Alexandre Gauthy, macroéconomiste chez Degroof Petercam Luxembourg. (Photo: Maison Moderne)

Alexandre Gauthy, macroéconomiste chez Degroof Petercam Luxembourg. (Photo: Maison Moderne)

Dans sa chronique hebdomadaire, Alexandre Gauthy, macroéconomiste chez Degroof Petercam Luxembourg, se penche sur le phénomène de baisse des taux longs, notamment aux États-Unis et en Allemagne.

Les taux américains et allemands à 10 ans se sont repliés depuis leur point haut du mois de mars. Cette baisse s’est accélérée durant la première quinzaine de juillet. Ce mouvement de baisse des taux longs est probablement passager. Le marché obligataire réagit aux craintes liées à la croissance économique.
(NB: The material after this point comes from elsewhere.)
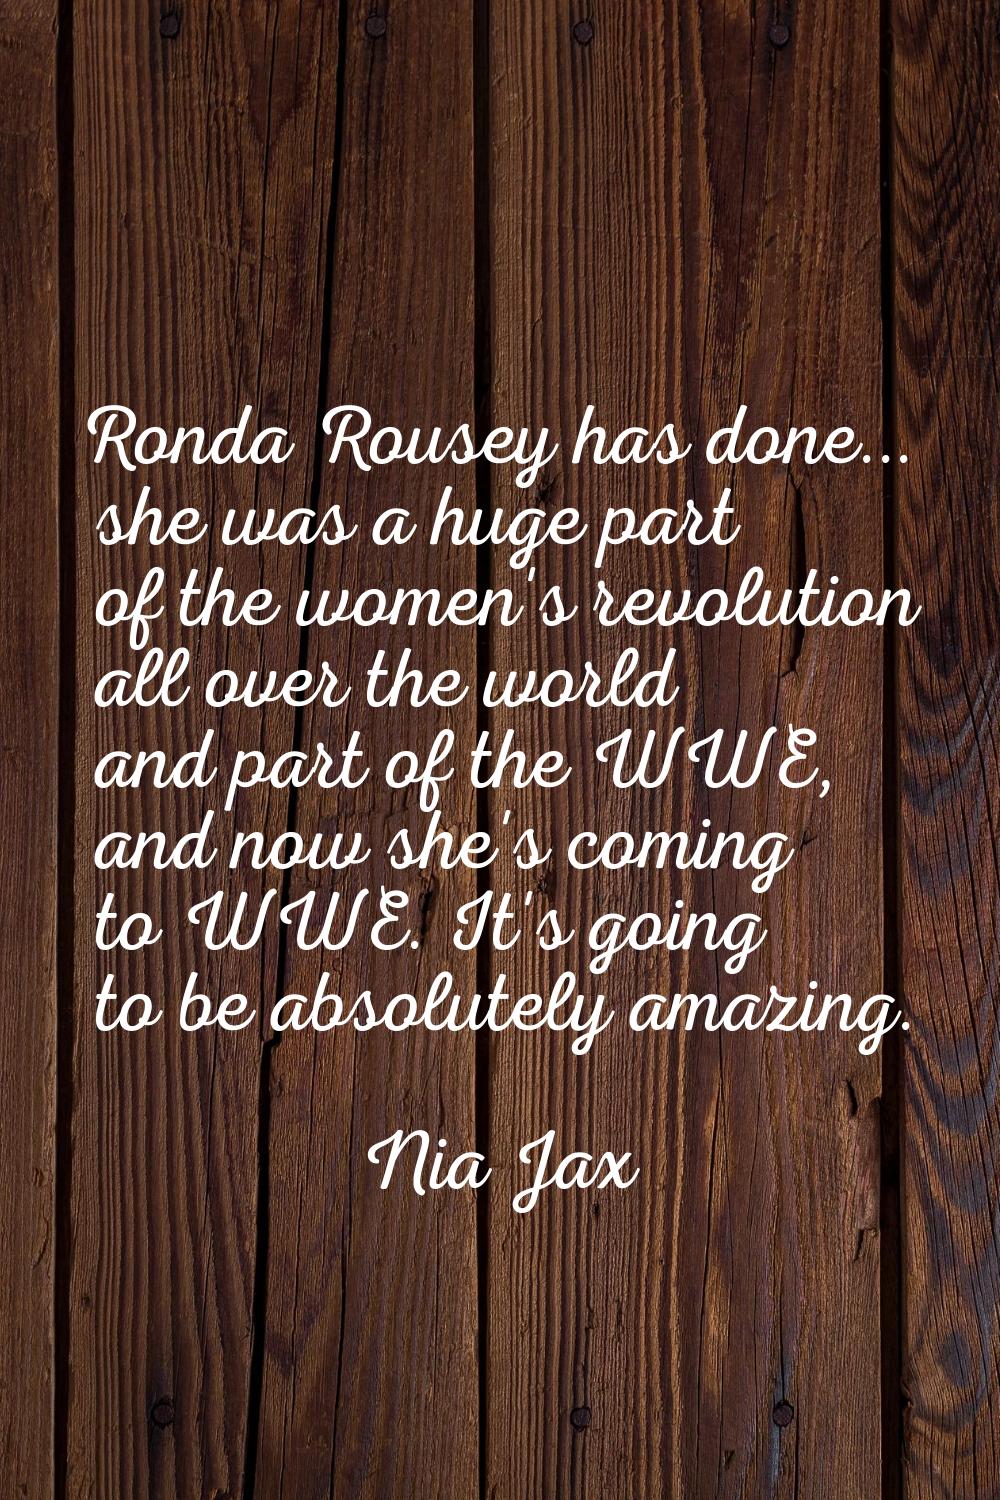 Ronda Rousey has done... she was a huge part of the women's revolution all over the world and part

Alors qu’en début d’année, le consensus tablait sur une croissance économique américaine de 3,5% pour 2021, les prévisions de croissance ont été constamment revues de manière positive tout au long du premier semestre. Les économistes estiment désormais que la croissance économique américaine pourrait atteindre 7% en 2021. Or, l’économie commence à être freinée par les problèmes d’approvisionnement dans la production, à un moment où la demande de biens et de services reste soutenue. Cela s’observe en zone euro, où la pénurie de semi-conducteurs a fait baisser la production automobile de 7,8% en mai, ce qui laisse la production de ce secteur 25% sous son niveau de février 2020. Aux États-Unis également, certaines entreprises actives dans les services peinent à satisfaire la demande, faute de main-d’œuvre.

Il est tout à fait envisageable que l’économie américaine renoue avec le plein emploi en seconde partie d’année prochaine.
Alexandre Gauthy

Alexandre GauthymacroéconomisteDegroof Petercam Luxembourg

Ces facteurs qui freinent la production sont de nature temporaire. Dans l’industrie, les problèmes d’approvisionnement viennent du fait que, durant la pandémie, la demande de biens était anormalement élevée, à un moment où la consommation de certains services était rendue tout simplement impossible. Les goulots d’étranglement qui existent donc dans l’industrie devraient commencer à se résorber au fur et à mesure que les habitudes de consommation se normalisent.

Le phénomène de rareté de la main-d’œuvre, qui touche plus particulièrement le secteur des services aux États-Unis, peut en grande partie être expliqué par les aides généreuses accordées aux sans-emplois qui les dissuadent de retourner sur le marché du travail. En effet, durant la crise, les allocations de chômage ont été majorées, si bien qu’un certain nombre d’Américains ont gagné plus en étant au chômage qu’en travaillant. Ce facteur qui a freiné les embauches au cours des derniers mois disparaîtra en septembre lorsque l’État américain mettra un terme à ces aides. Étant donné que le nombre de postes à pourvoir est à un record historique aux États-Unis, ces personnes en quête d’emploi ne devraient pas rencontrer de problème pour trouver du travail. Par conséquent, il est tout à fait envisageable que l’économie américaine renoue avec le plein emploi en seconde partie d’année prochaine.

La crainte de nouvelles mesures de restriction

En plus de ces problèmes liés à l’offre, le marché craint que la propagation du variant Delta n’entraîne une réinstauration partielle des mesures de restriction. S’il est vrai que la propagation rapide du variant Delta est inquiétante, il est peu probable que les gouvernements décrètent des mesures strictes similaires à celles des deux premières vagues étant donné que la vaccination d’un pourcentage élevé de la population a affaibli drastiquement le lien entre la hausse des nouveaux cas et celle des hospitalisations. Cela est vrai en ce qui concerne la plupart des pays développés. La situation reste toutefois délicate dans certains pays émergents, notamment asiatiques, où le taux de vaccination est beaucoup plus faible.

Les craintes du marché obligataire liées à une décélération de la croissance économique américaine sont sans doute passagères. Certes, le rythme de croissance ralentira en raison d’effets de base moins porteurs, mais celui-ci restera sans doute supérieur au taux pré-Covid grâce aux plans de soutien fiscaux, dont l’effet perdurera un certain temps. Ces prochains mois, le marché obligataire devrait réévaluer ses attentes de resserrement monétaire de la Fed en réaction à un rapprochement relativement rapide de l’économie américaine vers le plein emploi.